Exercise:
With pictures omitted, restate the data word for word.

Given data:

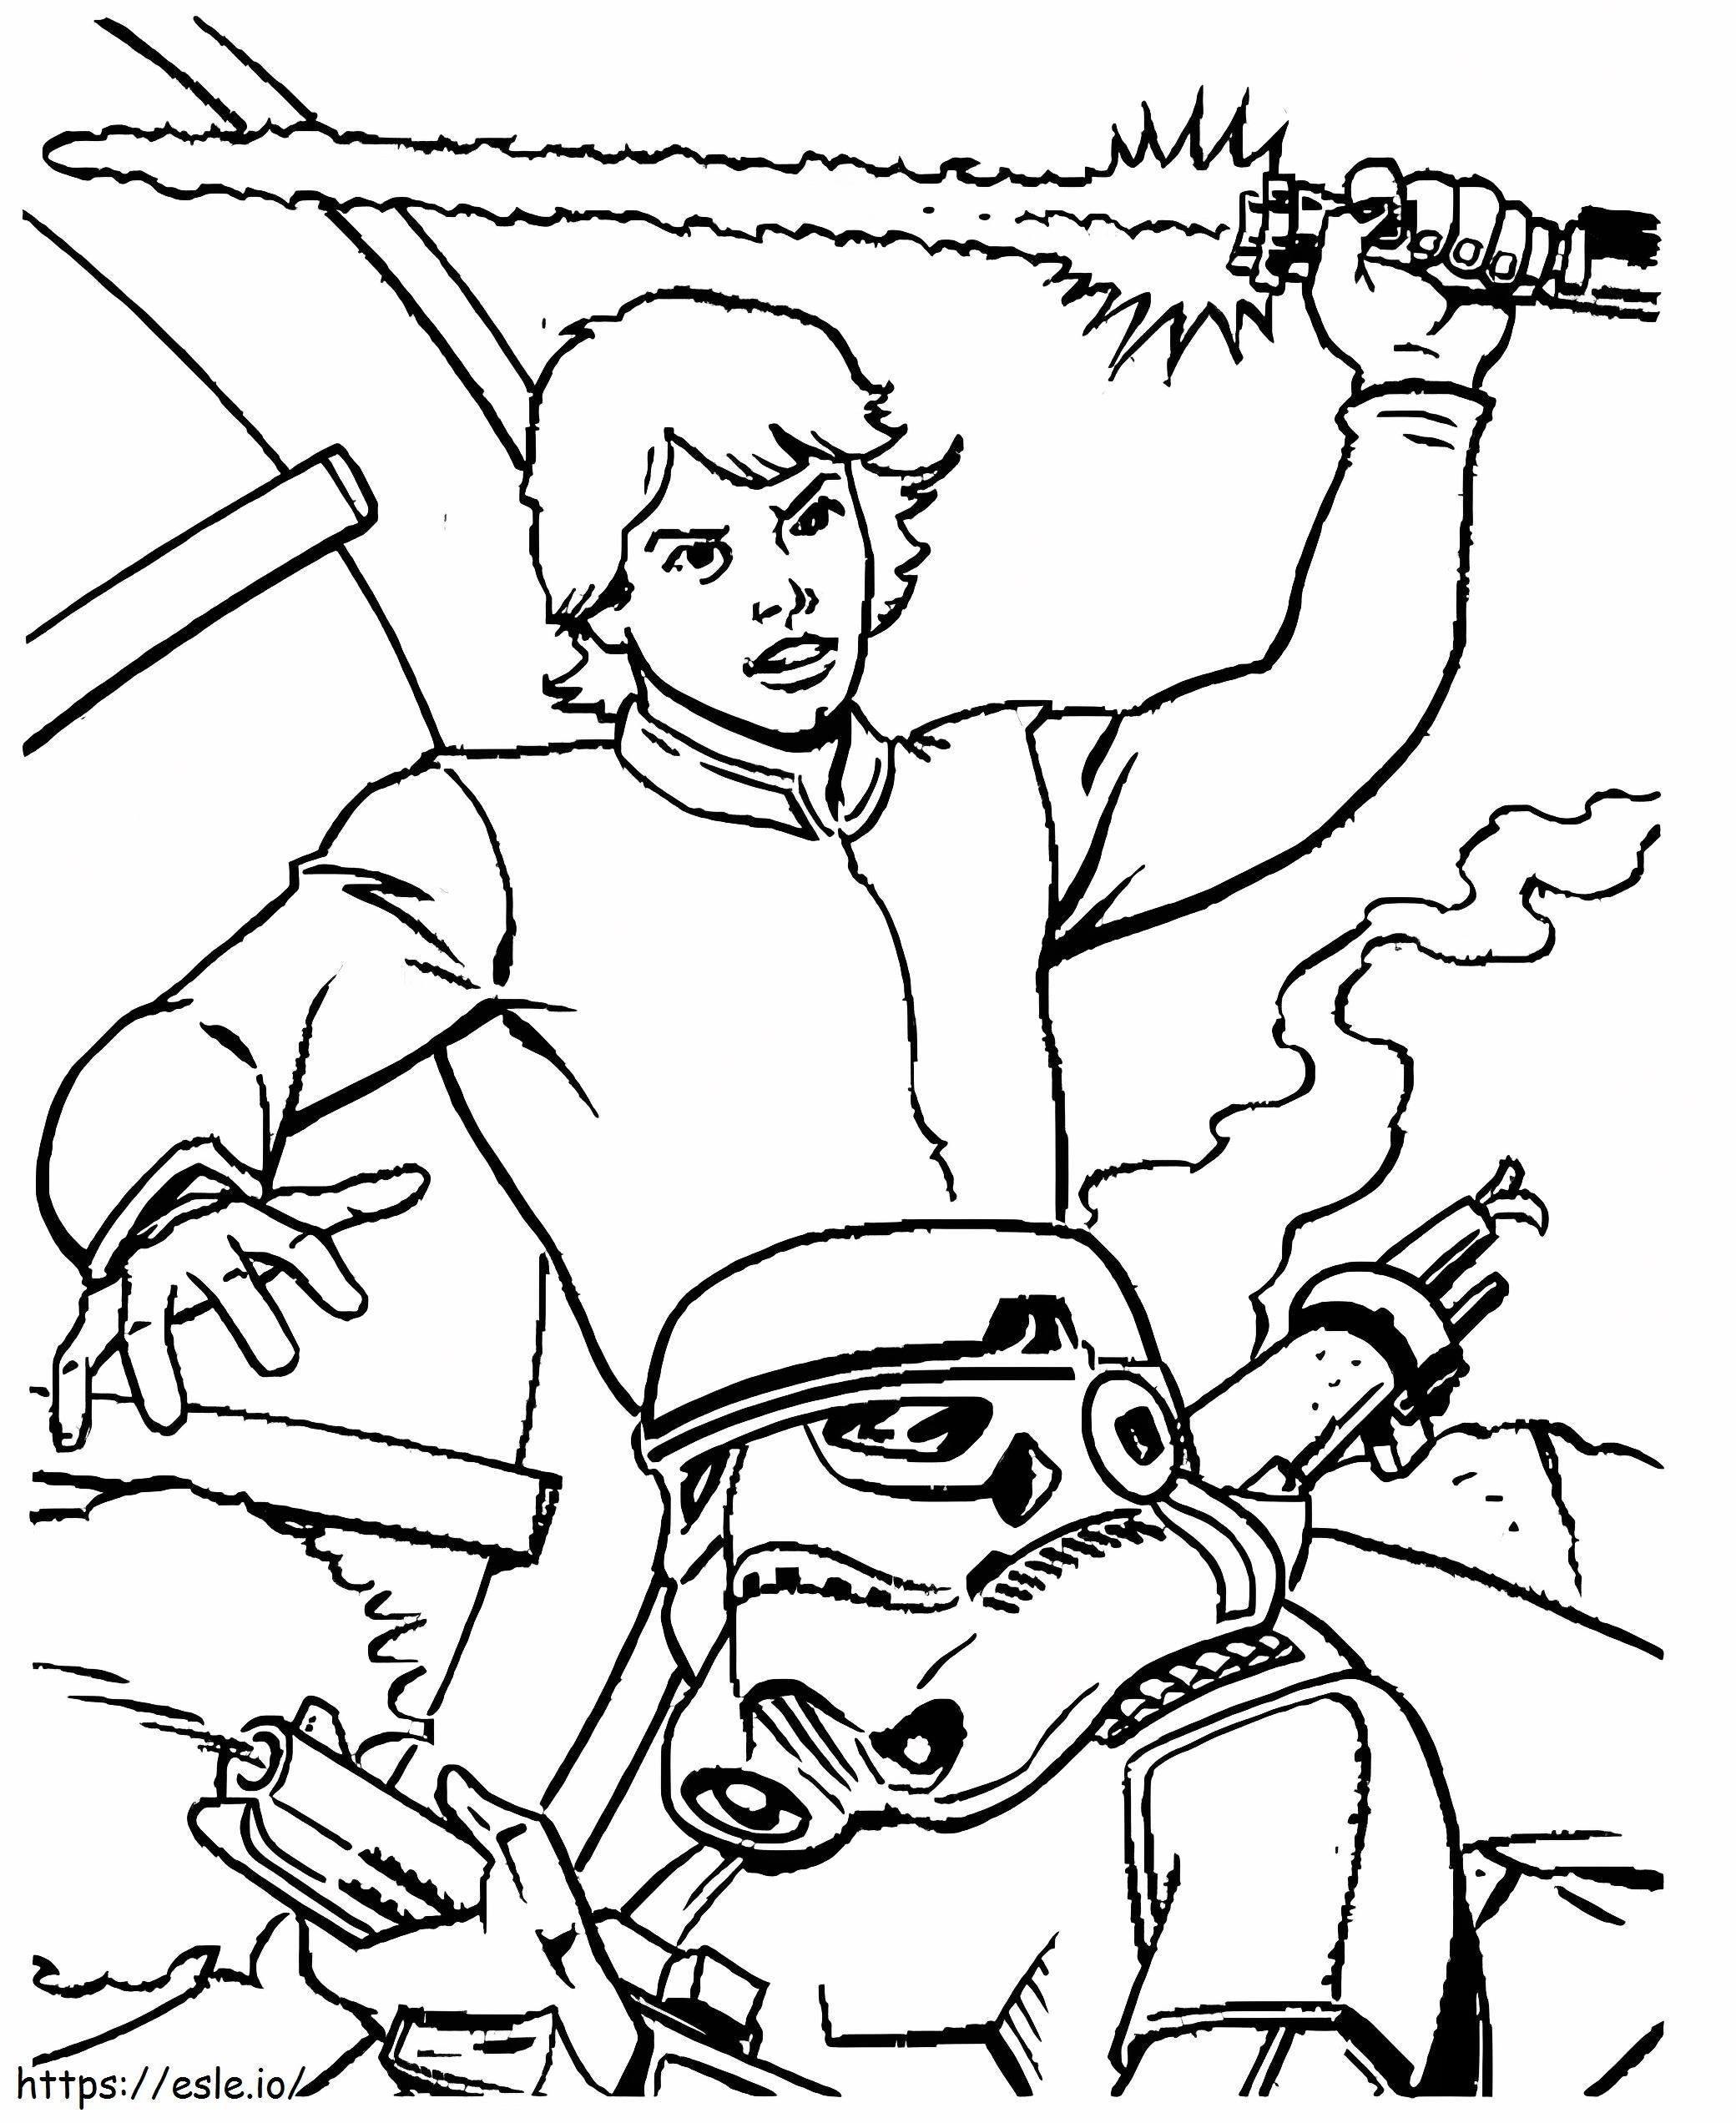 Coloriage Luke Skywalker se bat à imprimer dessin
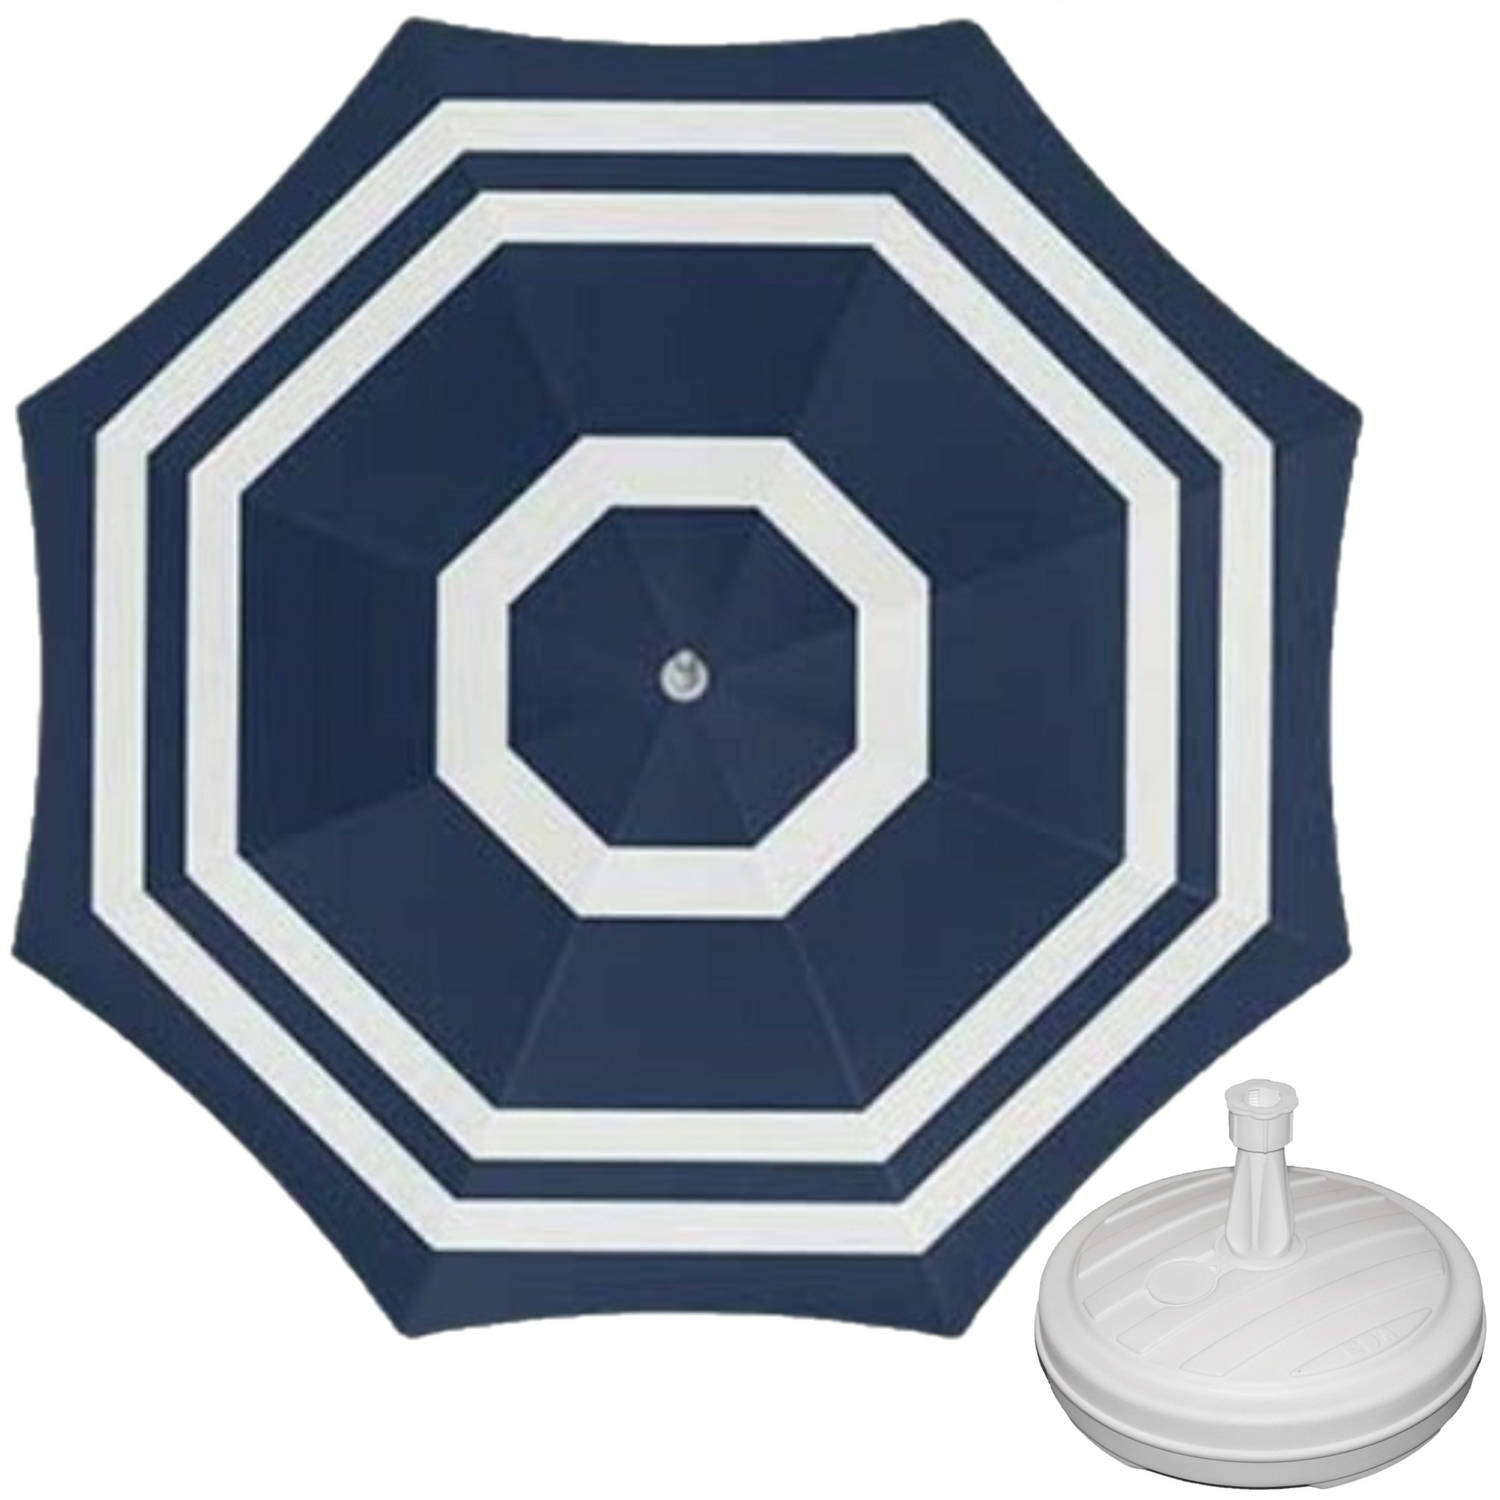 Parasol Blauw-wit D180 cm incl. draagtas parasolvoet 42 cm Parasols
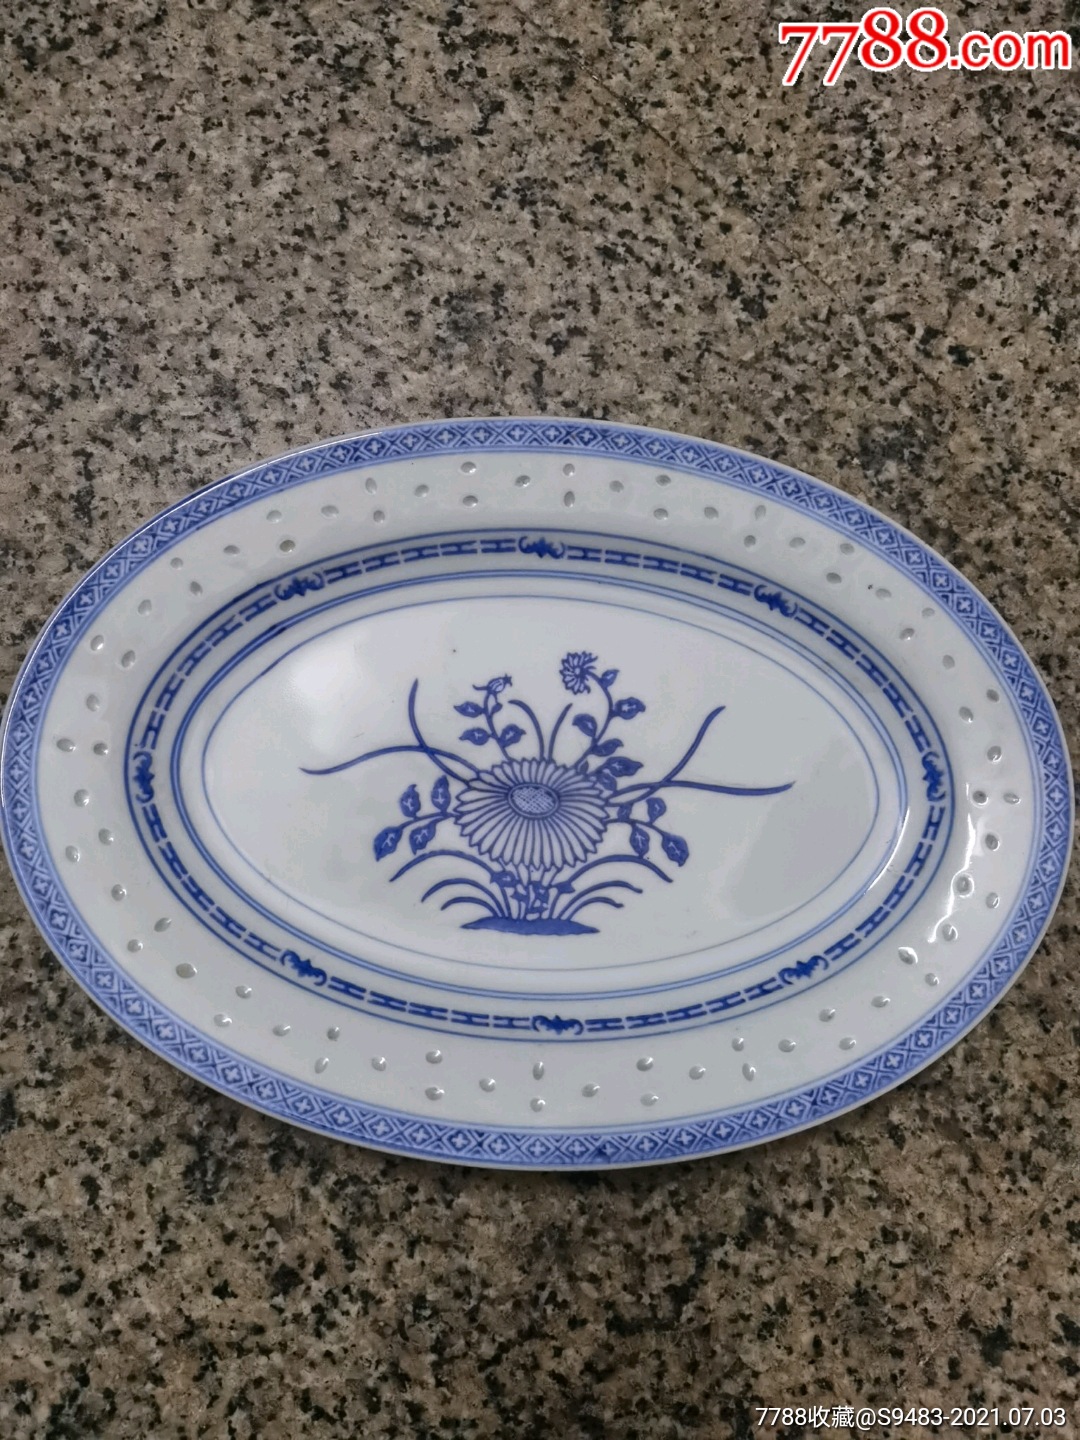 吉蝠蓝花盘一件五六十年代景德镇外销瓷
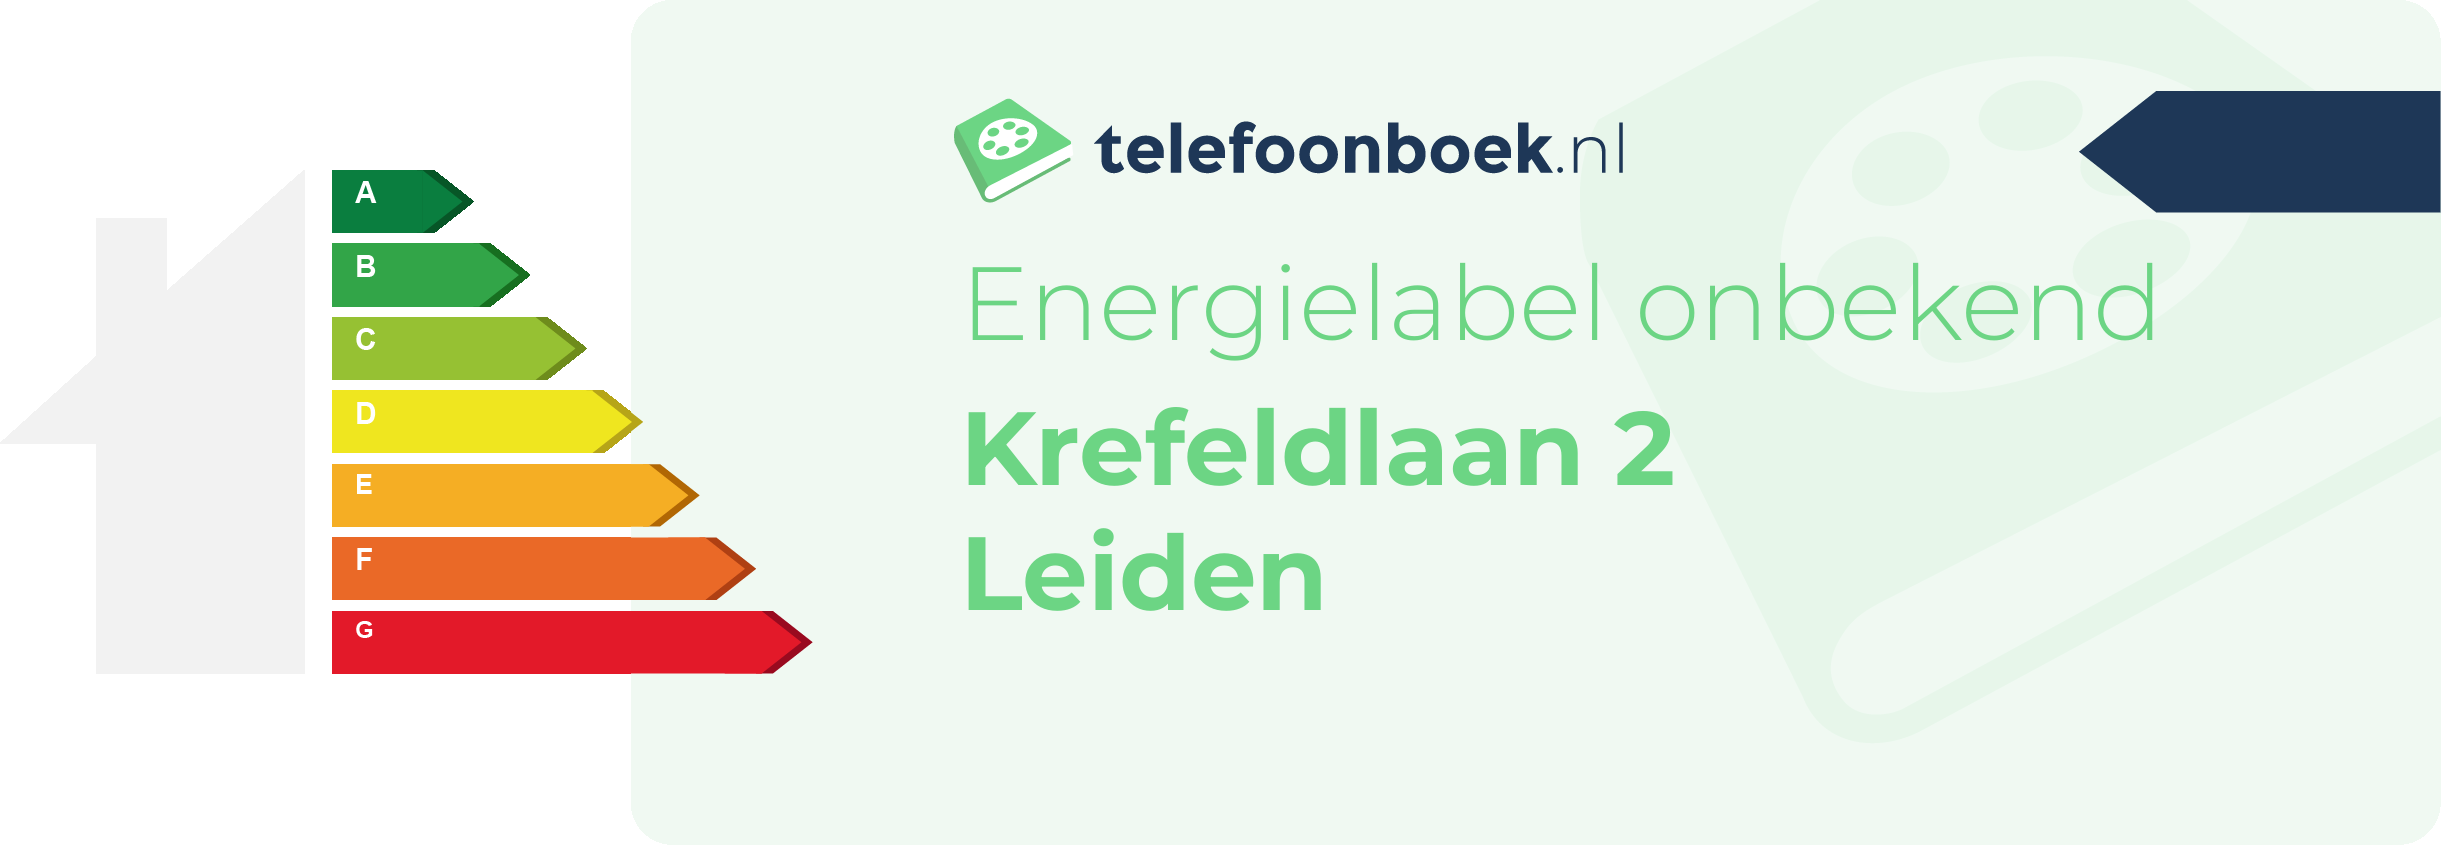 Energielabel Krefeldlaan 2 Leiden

Your solution:
 Coloriage Luke Skywalker se bat à imprimer dessin
 Parasol Blauw-wit D180 cm incl. draagtas parasolvoet 42 cm Parasols
 吉蝠蓝花盘一件五六十年代景德镇外销瓷
 Energielabel Krefeldlaan 2 Leiden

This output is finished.